++++ Source material ++++
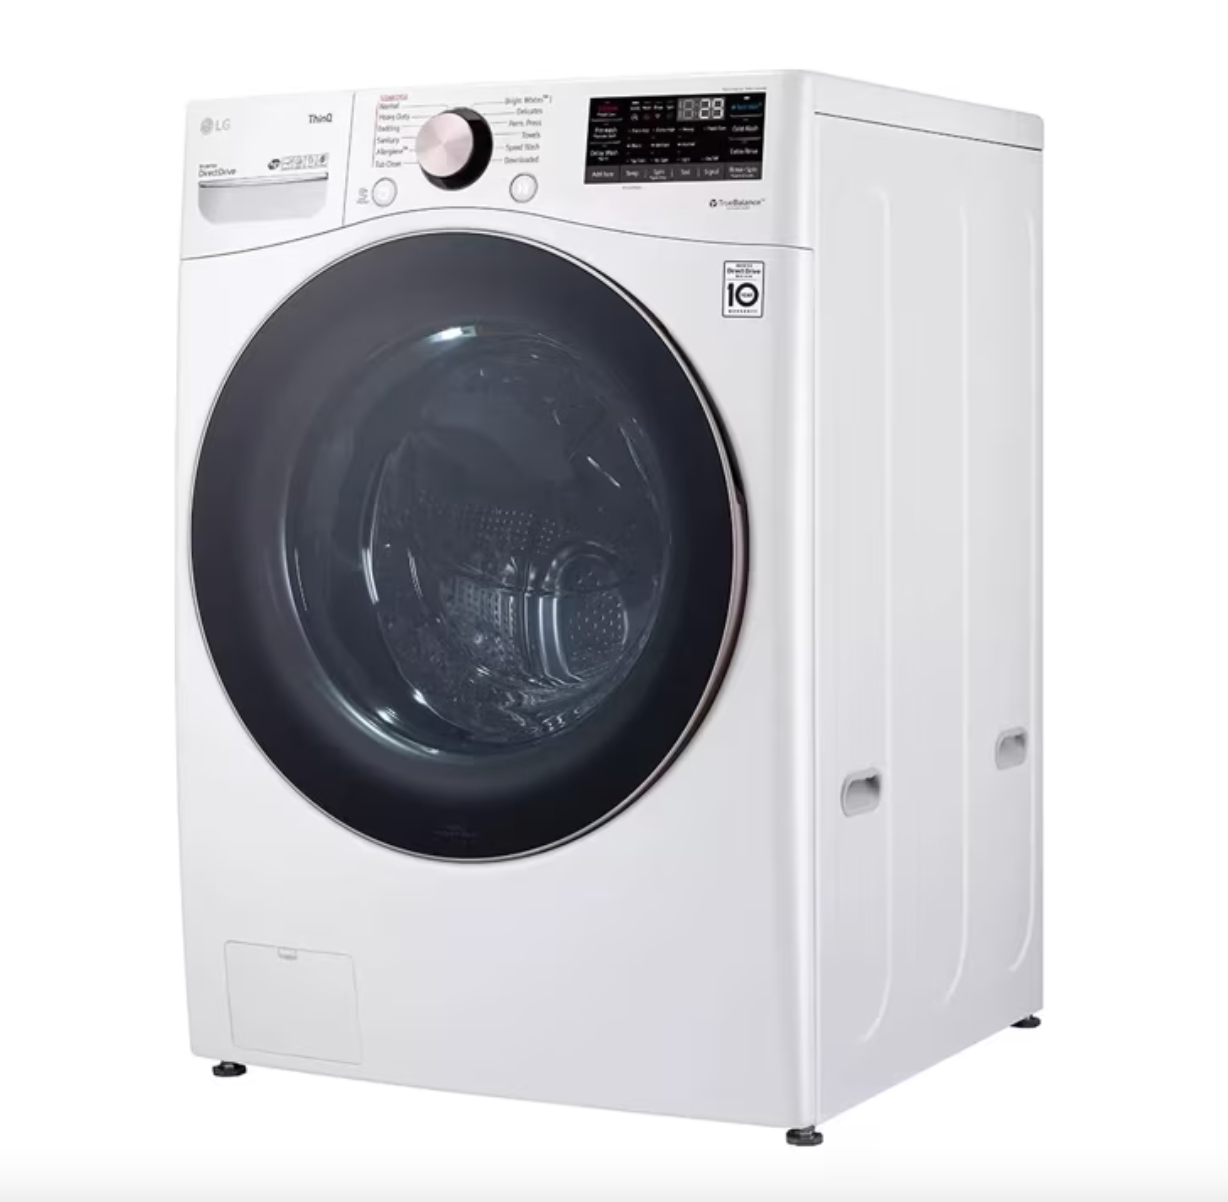 The washing machine in white, with a round dial and digital panel
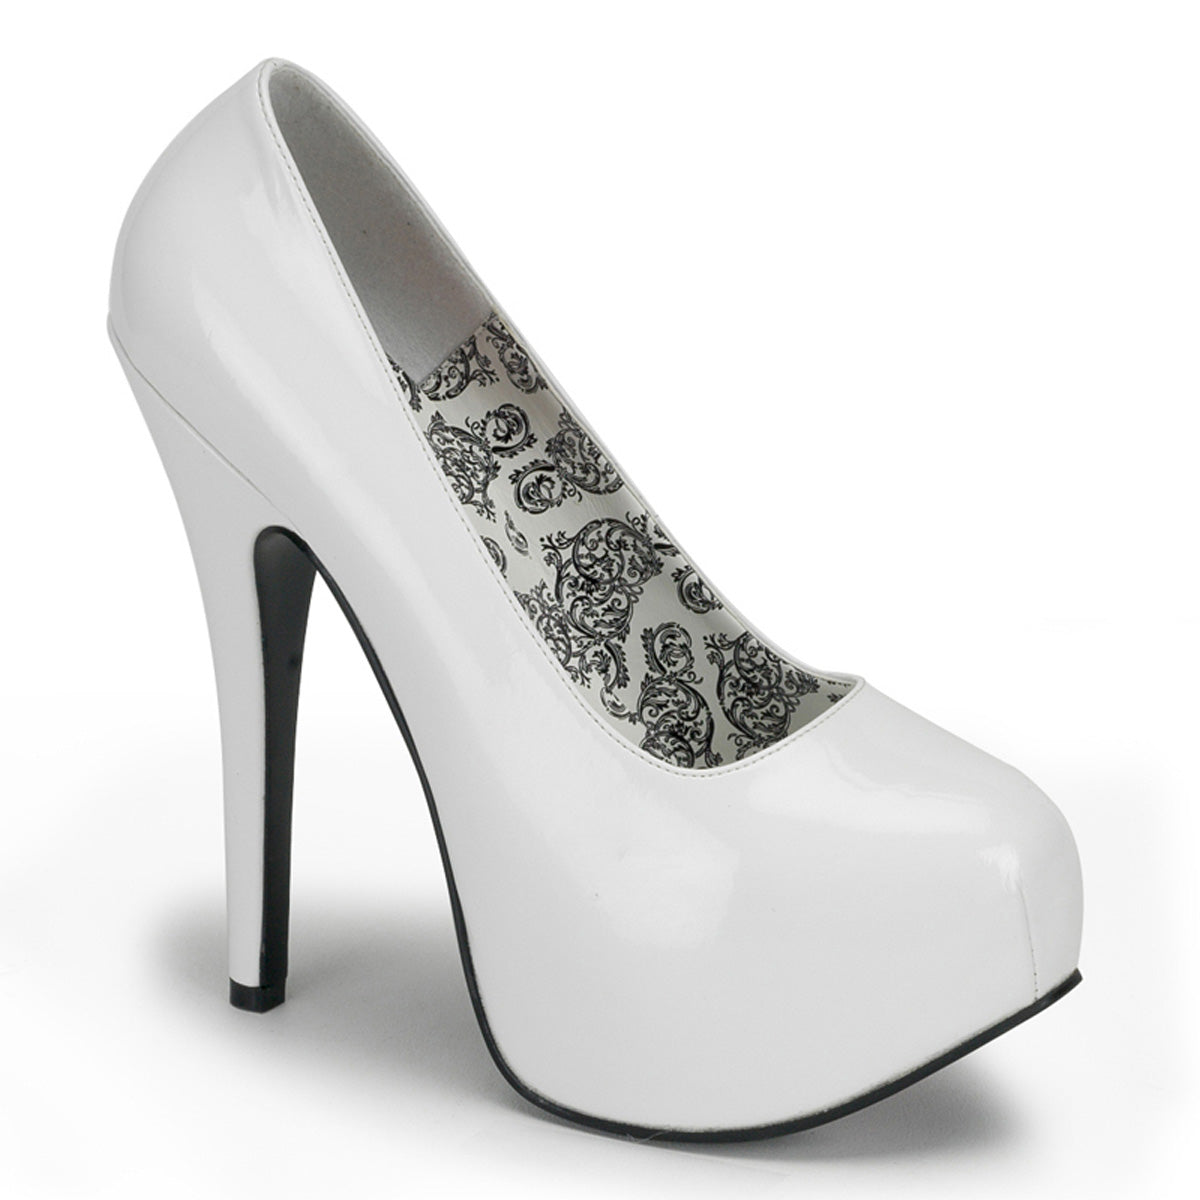 6 Inch Heel White Patent Sexy Shoes-Bordello- Sexy Shoes Fetish Heels
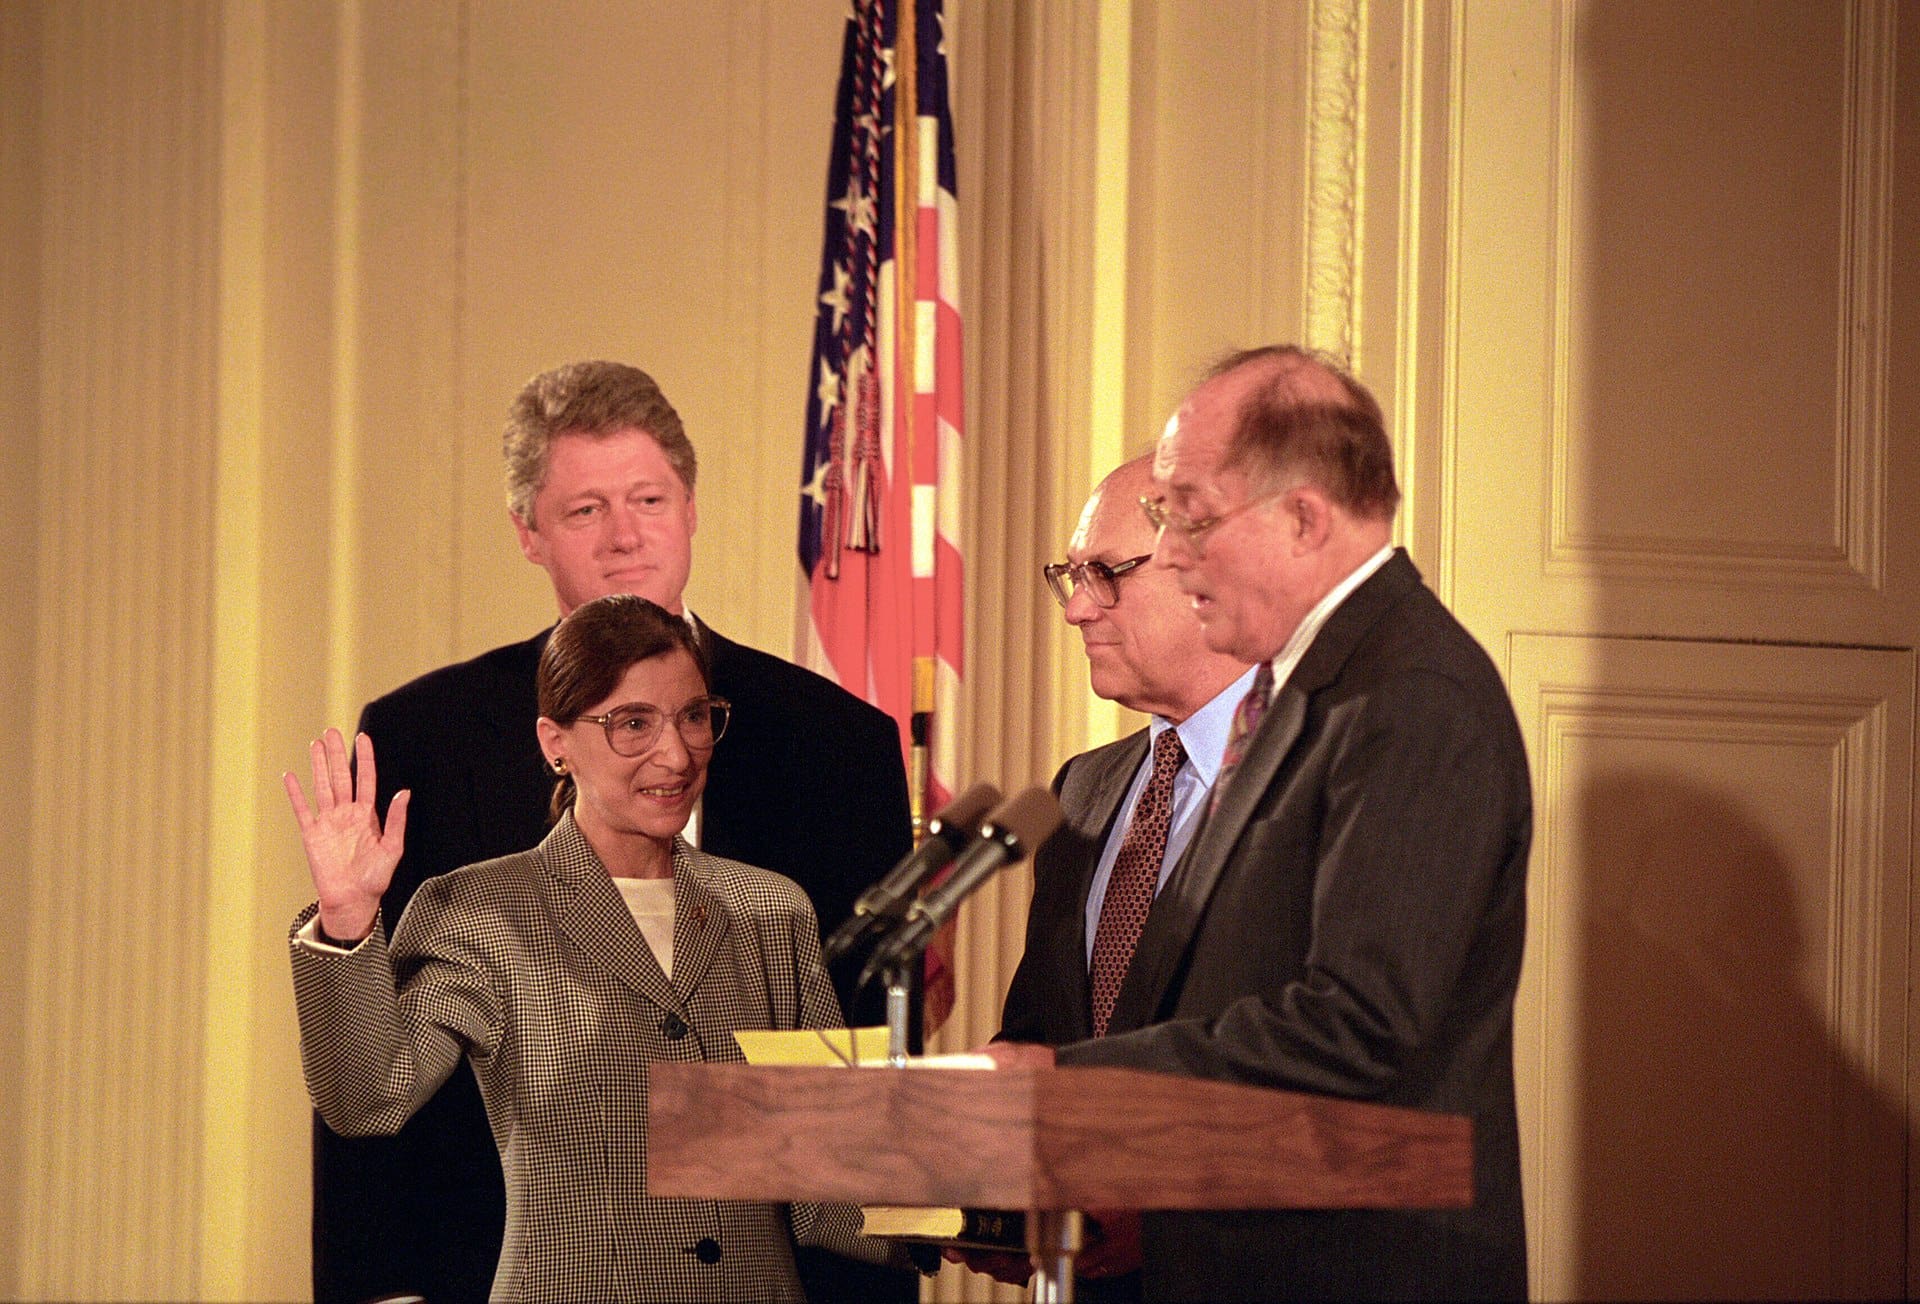 Chief Justice William Rehnquist swearing in Ginsburg as an associate justice of the Supreme Court, as her husband Martin Ginsburg and President Clinton watch.
++++
Instructions for the task ::
From the first line to the last, please copy the data exactly, with the pictures left out.

Answer ::
 The washing machine in white, with a round dial and digital panel
 6 Inch Heel White Patent Sexy Shoes-Bordello- Sexy Shoes Fetish Heels
 Chief Justice William Rehnquist swearing in Ginsburg as an associate justice of the Supreme Court, as her husband Martin Ginsburg and President Clinton watch.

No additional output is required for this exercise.